What is the worst recorded CD you have?


I have a C,S,N&Y CD "American Dream" that I keep around to use as a reference because it sounds so bad!It is like they recorded it with a bag over the Mic's!
nearsota
Telarc made a number of recordings of Robert Shaw and the Atlanta Symphony doing large scale choral works. They were uniformly awful--thick, opaque, congested on both ends--finding popularity only with people who were impressed by blatty organ pedal notes and huge banks of muddy choral sound (same folks who buy recordings of the Mormon Tabernacle Choir).
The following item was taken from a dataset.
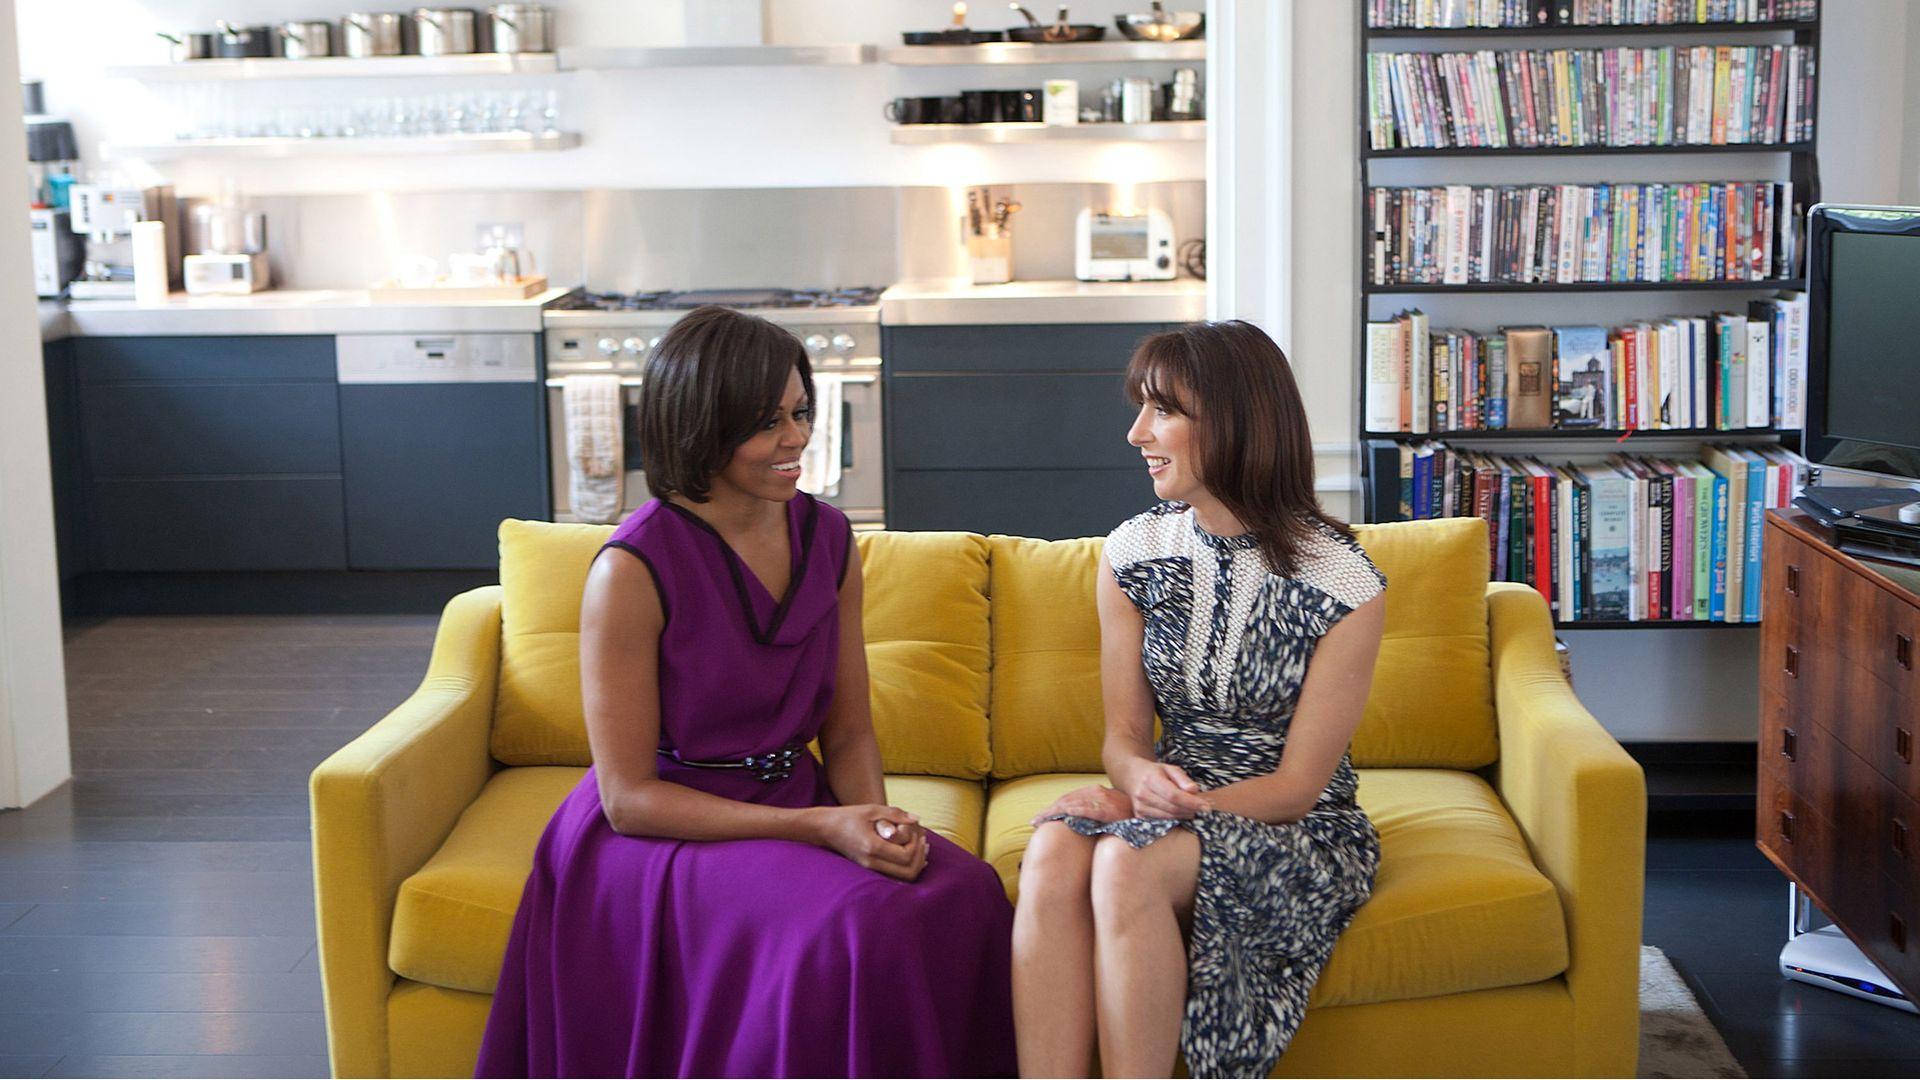 Michelle Obama and Samantha Cameron, partner of David Cameron, talk before having tea at Downing Street - Credit: Getty Images

Some say that Shaw--a dying autocrat at the time--insisted on the mix.

will
Mainliner: 'Mainliner Sonic', although I believe it was a calculated maneuver to replicate the sound of your speaker cones imploding upon themselves.

I've owned (and sold) some pretty crappy mid-'80's digital transfers of early jazz recordings that were pretty nasty...most recently, I was bummed out by a two-disc Ellington CD set that sounded as if the soul of the music had been forcibly wrenched out.

The worst case of bad digital transferring was evident in a set of Greek rebetica recordings transcribed from '78's and metal discs from the early part of the century. Intolerable...sounded like you were listening to a TV speaker playing from another room. Granted this is a tough task, but I own a few discs of music from this vintage that are actually quite nice. I imagine that you just have to CARE about the music you're processing to do it justice.
Will....Your post raises a whole other issue. What is a choral sound? Mr. Shaw always felt a chorus should communicate as one voice.

The hyper detailed recordings popular with a lot of Audiophiles by people like John Elliot Gardner are anything but choral singing. Instead of one voice, Mr Gardner gives us 60+ individual voices singing the same thing at the same time. Mr. Gardner even calls his main group the "English Barogue Soloists"; ie, a large group of individual soloists; not a chorus.